This is a photograph I took last week of Coleton Fishacre in Devon. Now a National Trust property, it was built for the D’Oyly Carte family, and would be well within the Mansion Tax category.
I was encouraged to see Eric Pickles’ robust rejection of the Lib Dems’ Mansion Tax in Saturday’s Telegraph, but rather surprised to see our own Tim Montgomerie, usually the soundest Conservative around, appearing to support the idea of such a tax. Certainly the idea is current in the blogosphere: Bagehot of the Economist takes a long, cool look at it, but at the end of the day comes down against.
Where would the money go? Tim makes the point, quite rightly, that family breakdown is hugely expensive, and therefore that interventions that reduce the level of family breakdown are good value. But I hope and suspect that Tim does not have in mind armies of social workers intruding on “problem families” with intensive programmes, but rather the creation of family-friendly fiscal policies to remove the disincentives to marriage (and dare one even say to promote marriage?), plus a robust defence of the traditional family, and an end to the mealy-mouthed circumlocutions that welcome “all kinds of families” (which is usually leftist-speak for domestic arrangements that are scarcely families at all).
With all the usual caveats about the fine job done by some single parents, who deserve our respect, it remains a fact that the traditional family is the best environment for raising children, and I commend those few politicians, like Iain Duncan Smith, who are prepared to say so.

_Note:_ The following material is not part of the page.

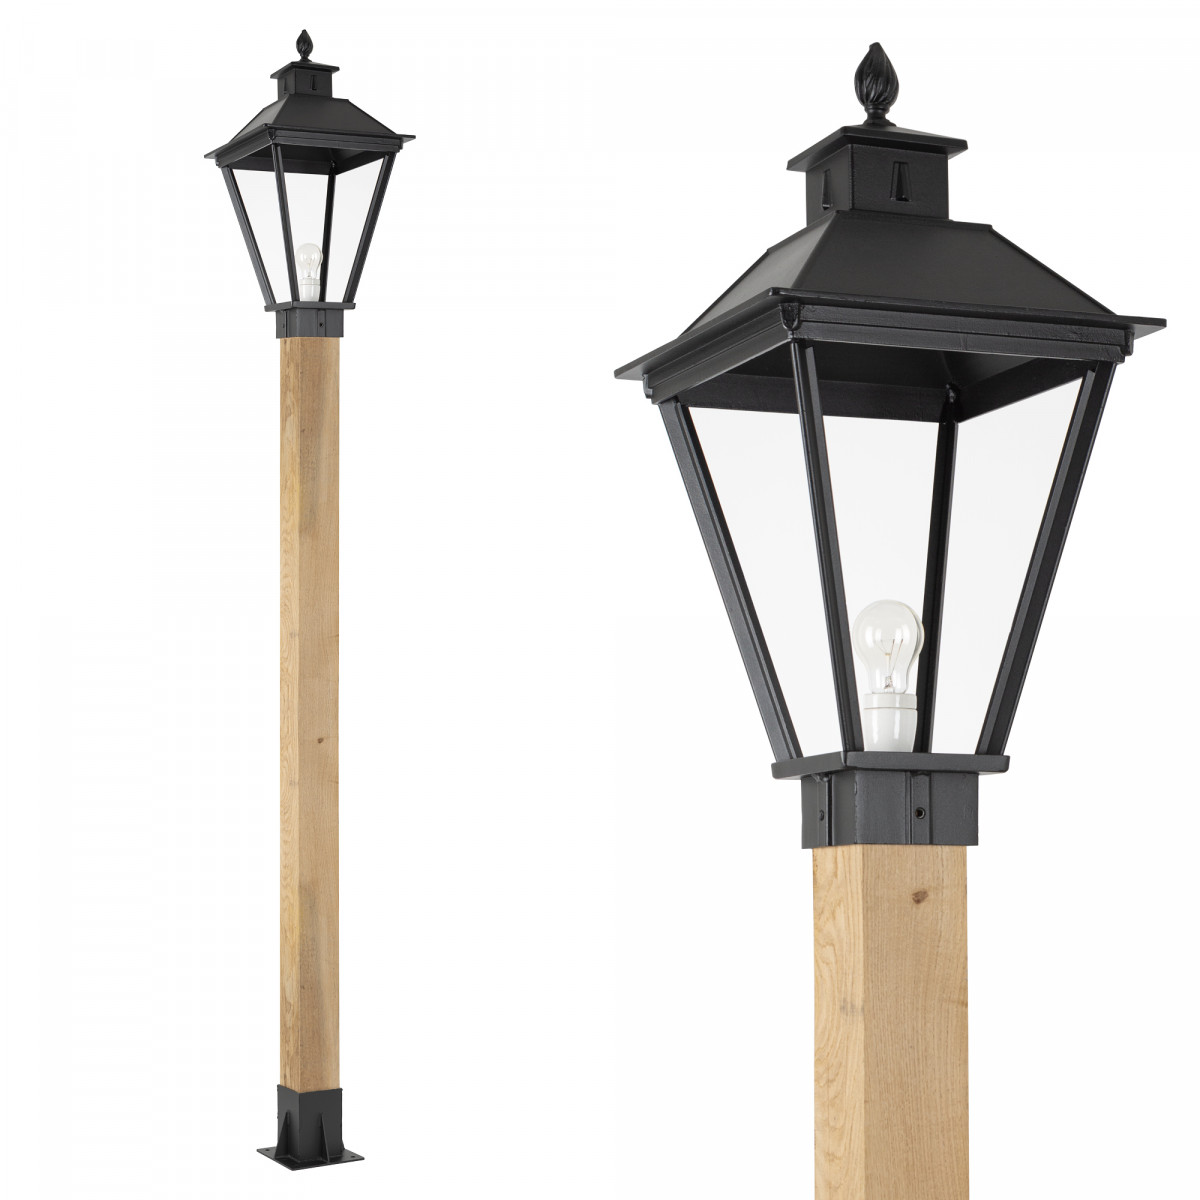 Klassieke buitenlamp Square XL WOOD Lantaarn tuinlamp vierkant in de kleur zwart

Tim suggests that we could fund extra support for families in part by reducing unnecessary benefits for better-off families, and he is right. George Osborne agrees, which is why the Coalition has removed child benefit from higher earners. Tim points to benefits like the free TV licence and the winter fuel allowance, and it is difficult to see why families paying higher-rate tax should enjoy these hand-outs.